И потому не спадает напряжение. Как раз сейчас мы проходим самую опасную зону. На горизонте из-под солнца появилась точка, и опять корабль содрогается от гула орудий. Мы уже на ходовом мостике, я смотрю на Мельникова, на его неуклюжую фигуру в меховом реглане, чесанках, шапке-ушанке. Но в минуты опасности одежда нипочем: его движения быстры и проворны, рывок ручкой машинного телеграфа – и нос корабля уклоняется. Летчик пока выдерживает характер и идет строго на нас. Кажется, вот-вот врежется в корабль. Нет!
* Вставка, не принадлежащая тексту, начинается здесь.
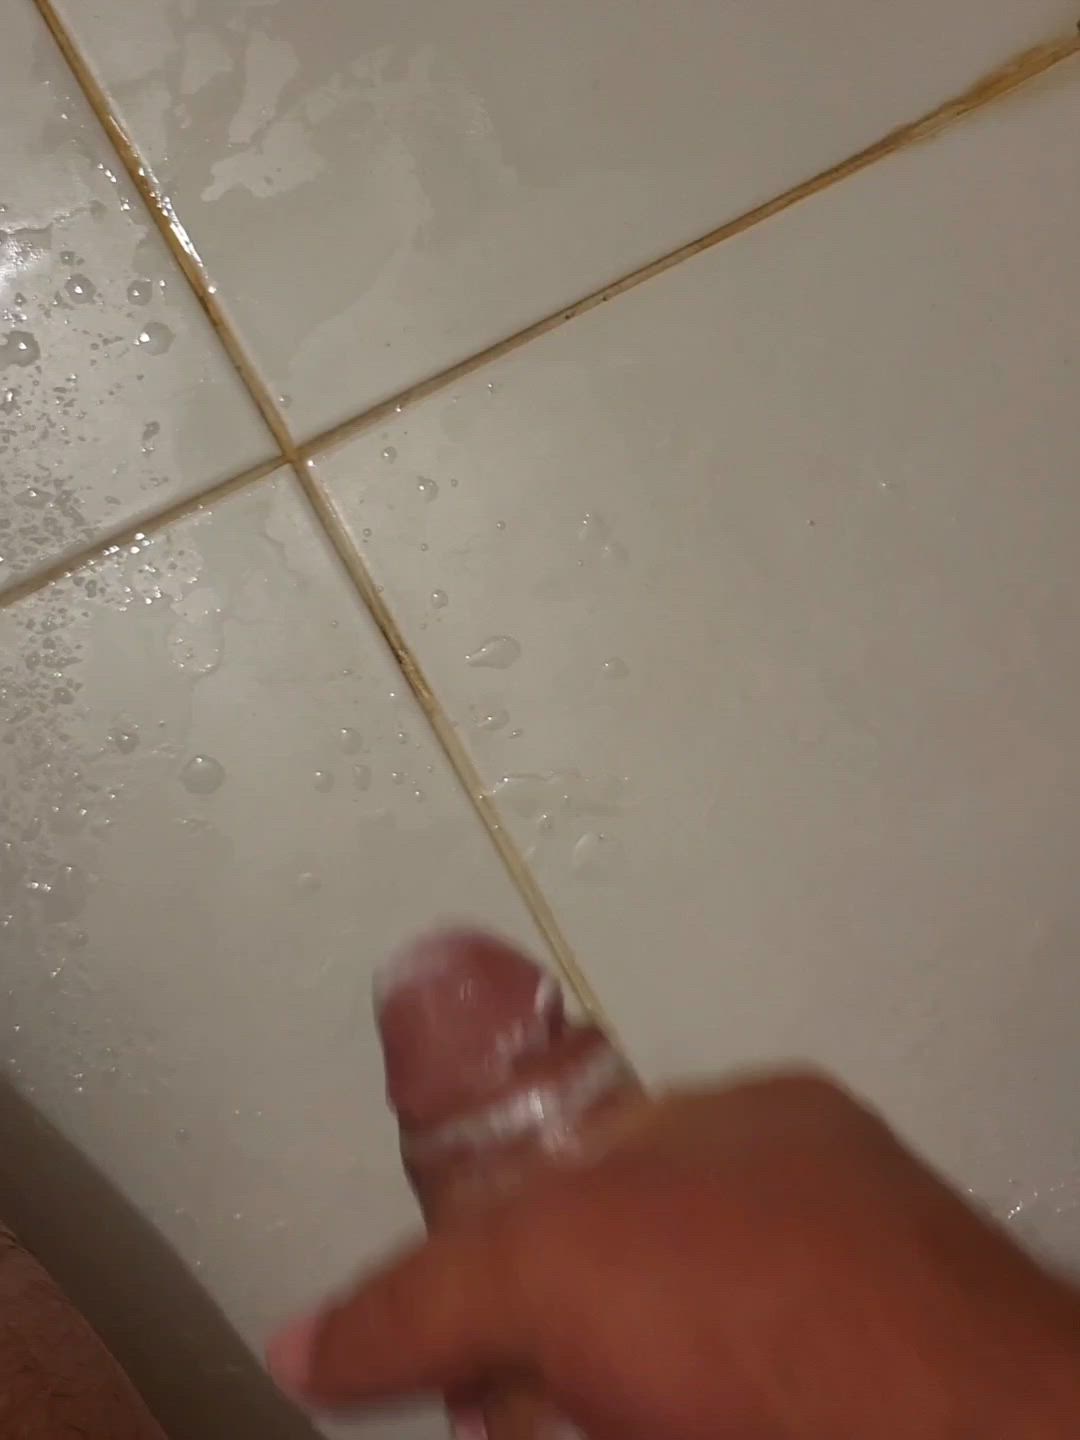 Amateur porn video with onlyfans model vegetable wolf <strong>@rostislav99</strong>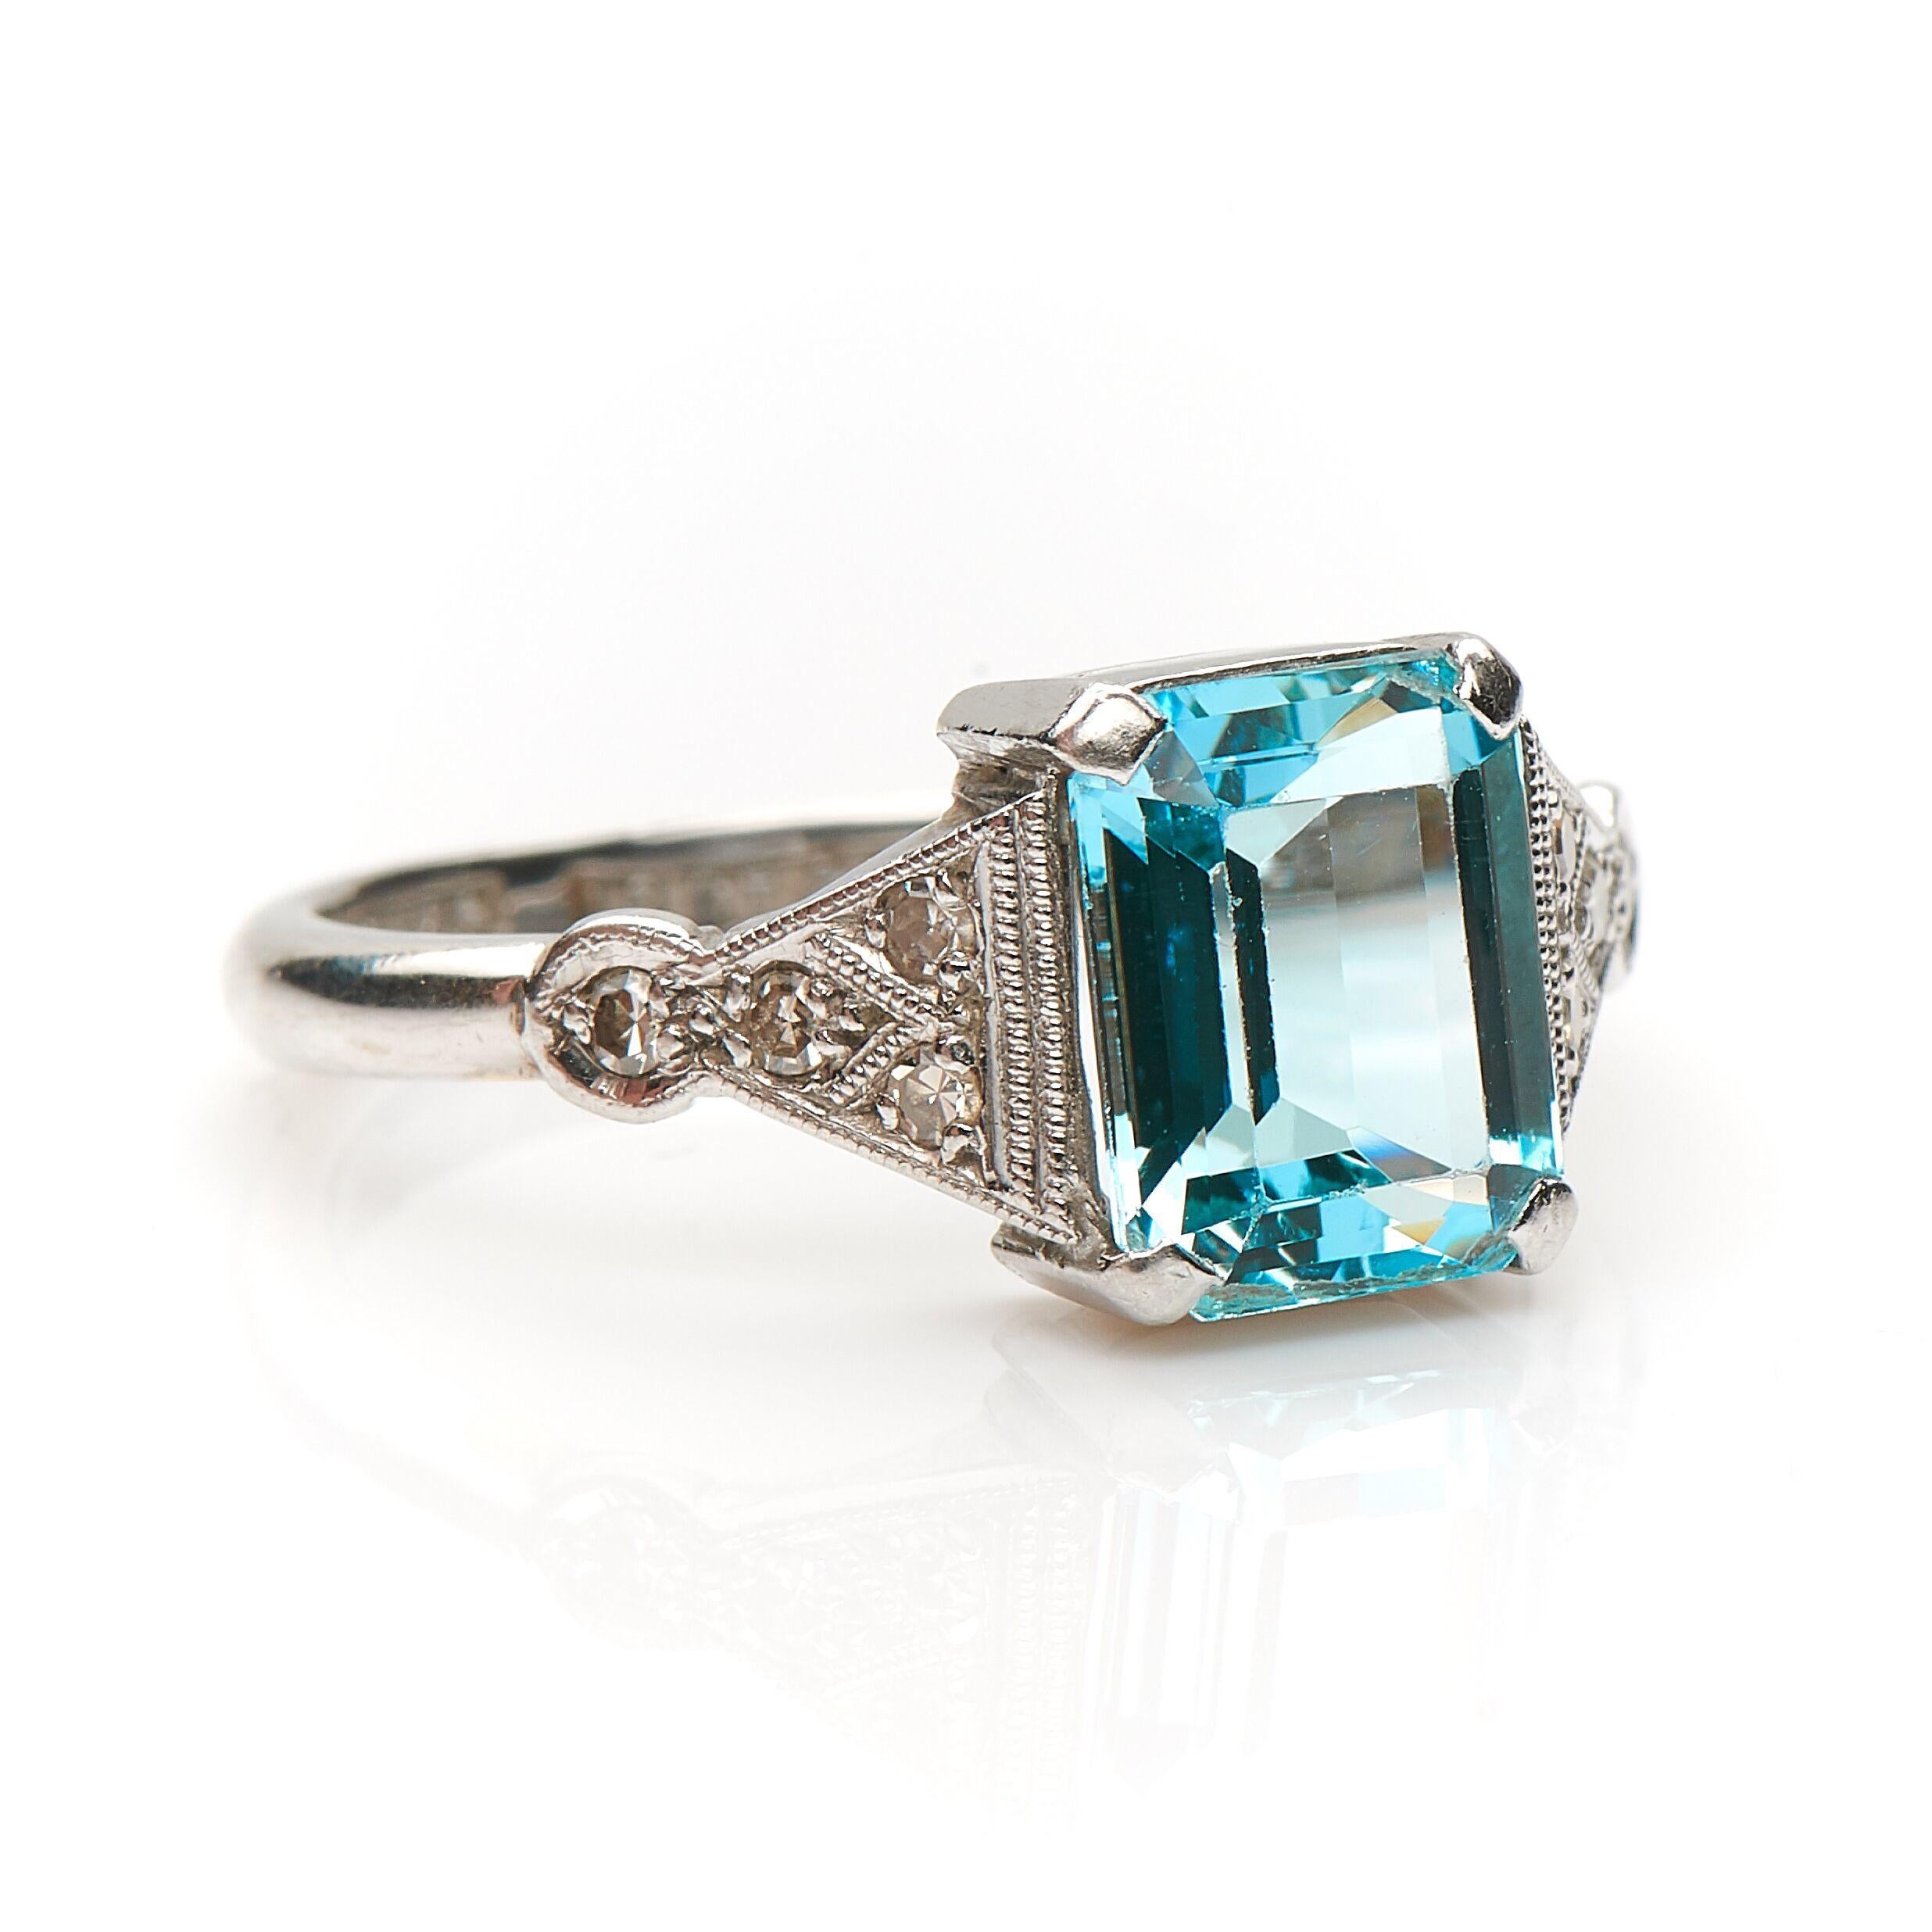 Art Deco, aquamarine and diamond ring, circa 1930. Set to centre a step-cut aquamarine flanked by trumpeting diamond set shoulders all finely finished with millegrain boarders. The aquamarine is a very pretty hue of blue, it creates a beautiful

Торпеда срывается, скользит по воде, а самолет отвернул в сторону. Торпеда опять осталась у нас за кормой…

И так все утро: то поодиночке, то несколько самолетов сразу атакуют наш конвой. Спасает точный заградительный огонь и искусное маневрирование капитана 2 ранга Мельникова.

И вот нас уже встречает Севастополь. Золотистые отблески ложатся на белые домики, уцелевшие вдоль берега.

– Вон там, видите, – линия фронта, – объясняют мне, – Там день и ночь не затихают бои.

– Так близко?!

– Да, представьте…

Я не отрывал глаз от далеких дымков, вспыхивающих над линией фронта. Пристально вглядывался в очертания Малахова кургана, где родилась слава бессмертных героев обороны Севастополя в середине прошлого столетия – адмиралов Корнилова, Нахимова, матроса Кошки и севастопольской Даши. Живо вспомнились слова Льва Толстого; «Не может быть, чтобы при мысли, что и вы в Севастополе, не проникнуло в душу вашу чувство какого-то мужества, гордости и чтобы кровь не стала быстрее обращаться в ваших жилах». Да, это чувство мужества захватывало всякого, кто вступал в те дни на священную севастопольскую землю!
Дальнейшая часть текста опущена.